Whether or not Apple is able to complete the deal with the NFL, it says enough that companies see enough value in the future of streaming sports to enter into negotiations worth billions of dollars on behalf of their streaming services. Even with the large deals being announced as college conferences grow and realign, college sports is still small potatoes next to the amounts paid for the NFL.

For now the broadcast rights of most college sports – whether over the air or streaming – are in the hands of traditional broadcast partners: FOX, NBC, CBS, and ABC/ESPN. The first conference to look at a more nontraditional approach might be the Pac-12. The broadcast rights of the Pac-12 are up in the air, and the chaotic state of the conference with USC, UCLA, and perhaps others leaving has the Pac-12 unsatisfied with the offers they’re getting.

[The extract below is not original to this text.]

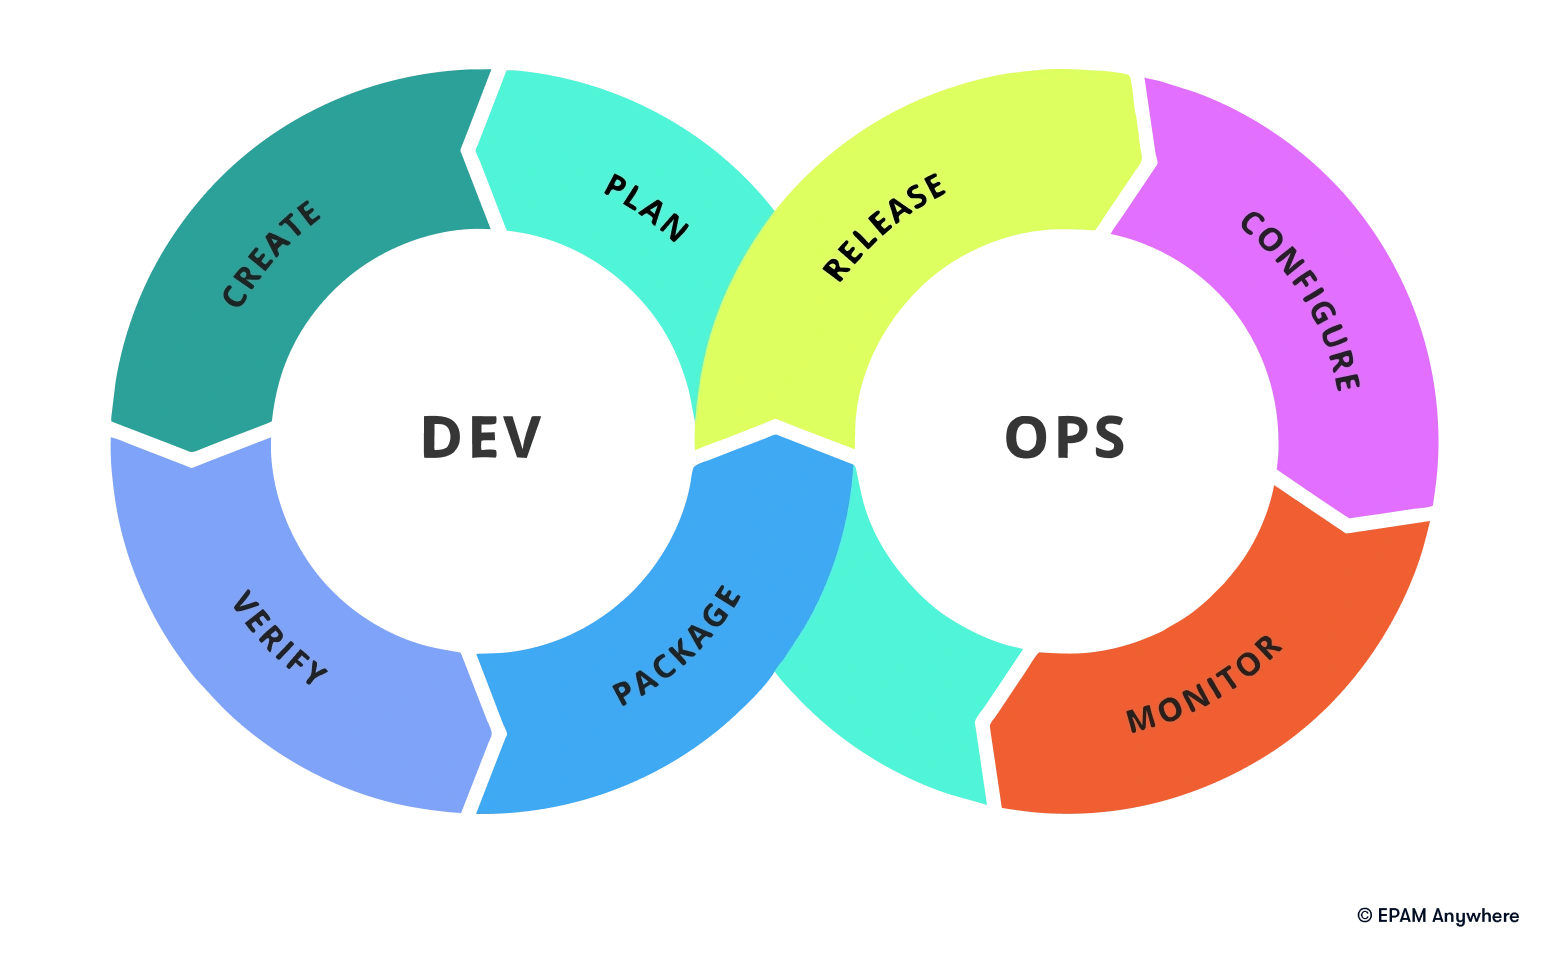 a loop illustrating DevOps phases
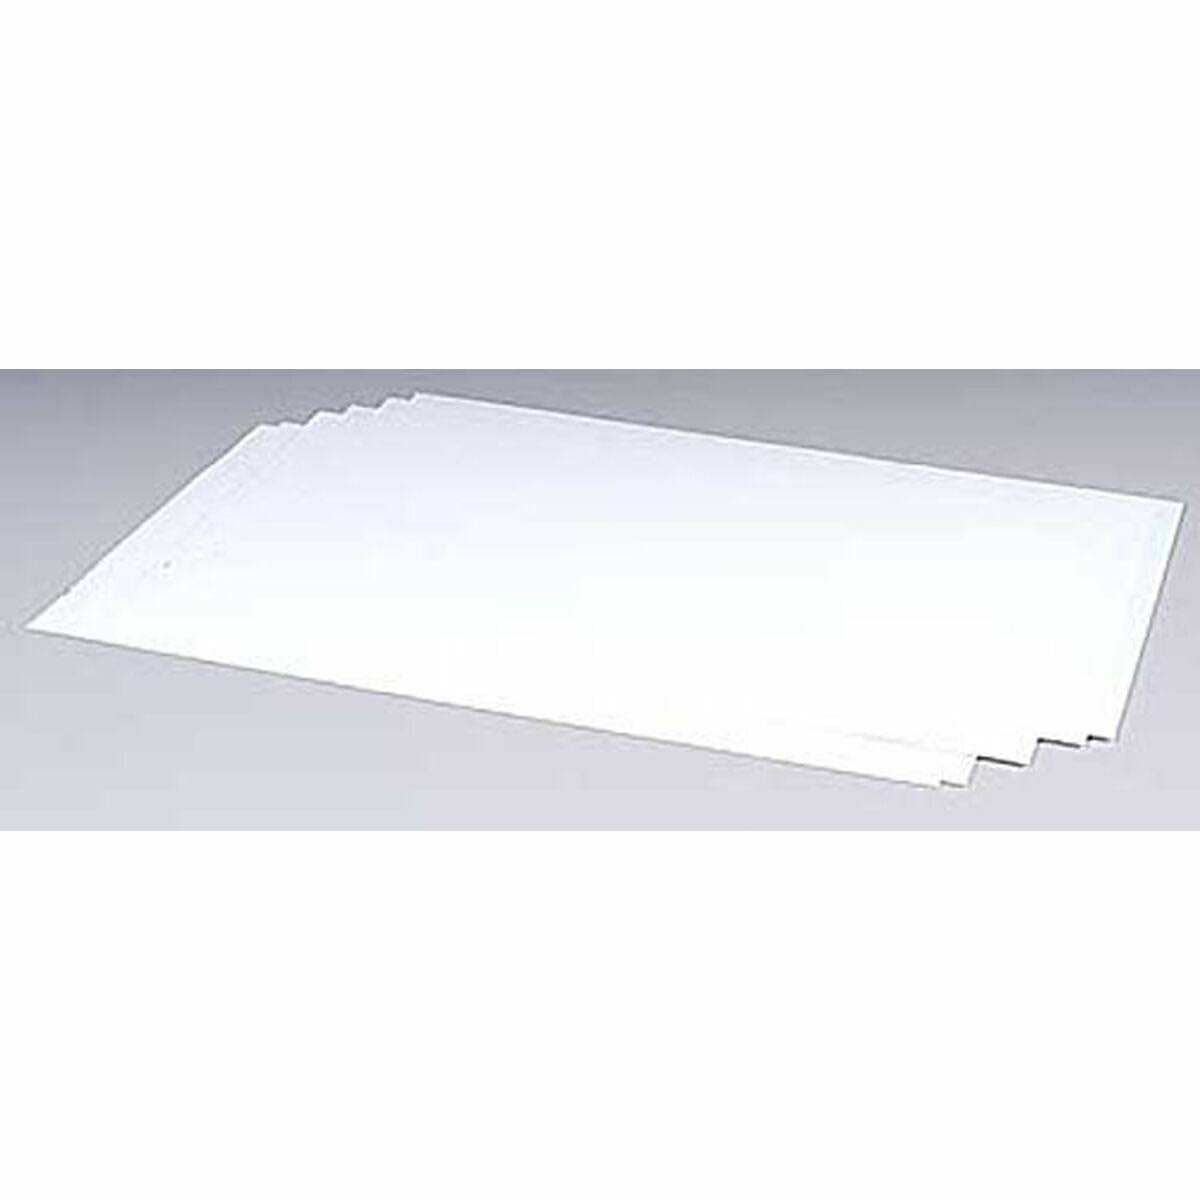 Plastruct White Sheet Styrene .010 (8)

That might open the door for a partnership with Amazon. Fans haven’t (and won’t) beat down the door just for Pac-12 content, but perhaps when bundled with the other benefits of an Amazon Prime subscription it might mean some more Prime subscribers for Amazon.

Well-rounded fans of college sports are probably already used to navigating the streaming world. The SEC Network Plus has been a godsend to follow Georgia and SEC sports other than football. It would have been unthinkable 15 years ago to be able to tune into nearly every SEC baseball or softball game, but they’re all streamed now. (We can gripe about the costs of multiple streaming services, but that really doesn’t apply here – if you have access to the SEC Network as part of your cable or satellite package, you likely have free access to the SECN+ once you authenticate in the ESPN app.) Football games, other than the mandated one game per year, have mostly remained on the broadcast channels, but even basketball has seen a fair number of games moved to streaming. It’s an issue of inventory – there are only so many channels and broadcast slots, and those slots are increasingly overlapping and running into one another. That’s not an issue in the streaming world, and you’re set once you get the technology down and find the local manpower to produce and present the games.

We should expect more college sports – even football – to find their way to streaming platforms. As with any technological change there will be a rough period of transition. Younger and more affluent viewers are more likely to be heavily immersed in streaming already. For older viewers navigating streaming options or even cutting the cord from traditional cable and satellite can be confusing and challenging. The conceptual model of channels, networks, and the TV guide don’t apply. Costs, whether for programming or the streaming devices themselves, can also be prohibitive for those whose entertainment budget is stretched. The services and the companies who own them will consolidate, merge, disappear, or even just get out of the streaming business. It’s one thing when SEC games move down the dial from CBS to ESPN. It’s another when you have to add another $9.95 per month service because the league you follow jumped to a competing platform.

It’s an interesting time. There are more sports than ever available to watch, an audience that keeps demanding more, and technology emerging that can deliver it all. The money involved keeps growing also, and that has attracted new competitors to the broadcast marketplace. Some of these new entrants are changing the metrics involved – subscribers matter more to them than viewership. The potential Apple/NFL and Amazon/Pac-12 deals could be signs of what’s next as the broadcast rights of other leagues and conferences come up for bid. For now it’s just the Kent State game, but have that Apple TV or Roku ready for what might be ahead.